WHAT YOU WILL DO
Find the lines of the listing that contain the string "Style", and return them.

DATA TO EXAMINE
________

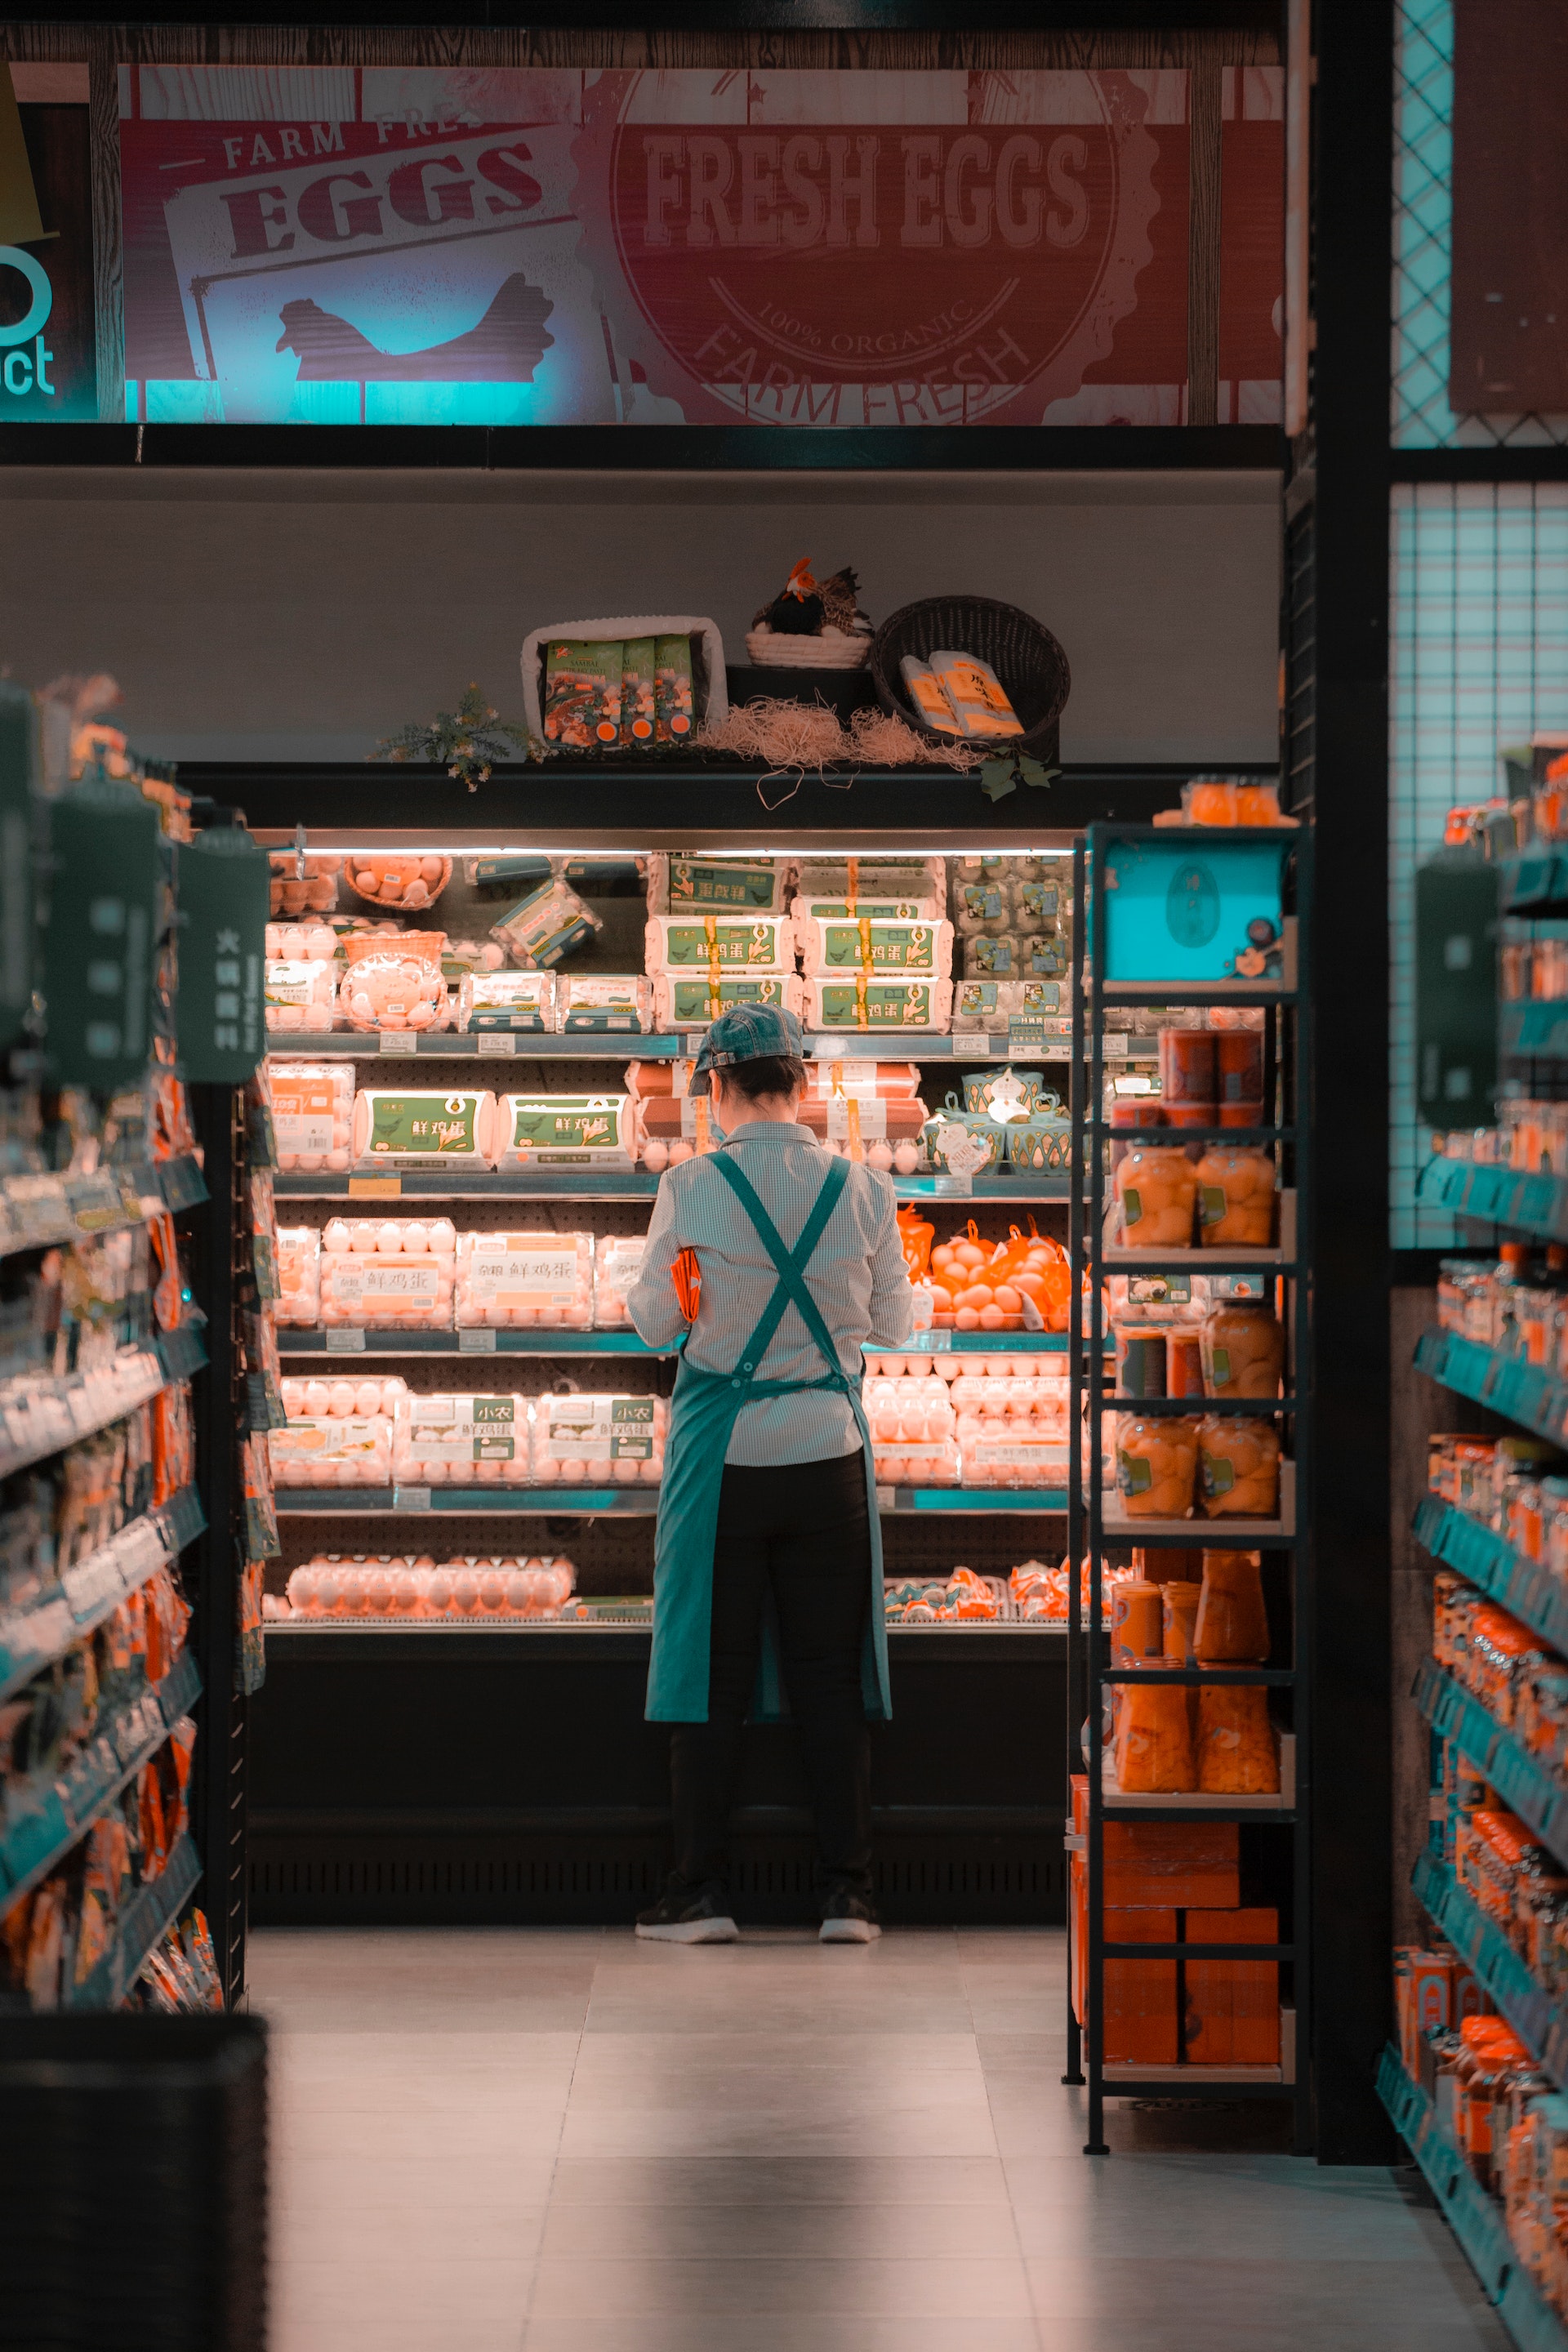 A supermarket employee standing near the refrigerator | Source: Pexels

________

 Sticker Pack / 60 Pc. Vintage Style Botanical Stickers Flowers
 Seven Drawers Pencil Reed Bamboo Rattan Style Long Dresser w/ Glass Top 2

________

THE ANSWER
 Sticker Pack / 60 Pc. Vintage Style Botanical Stickers Flowers
 Seven Drawers Pencil Reed Bamboo Rattan Style Long Dresser w/ Glass Top 2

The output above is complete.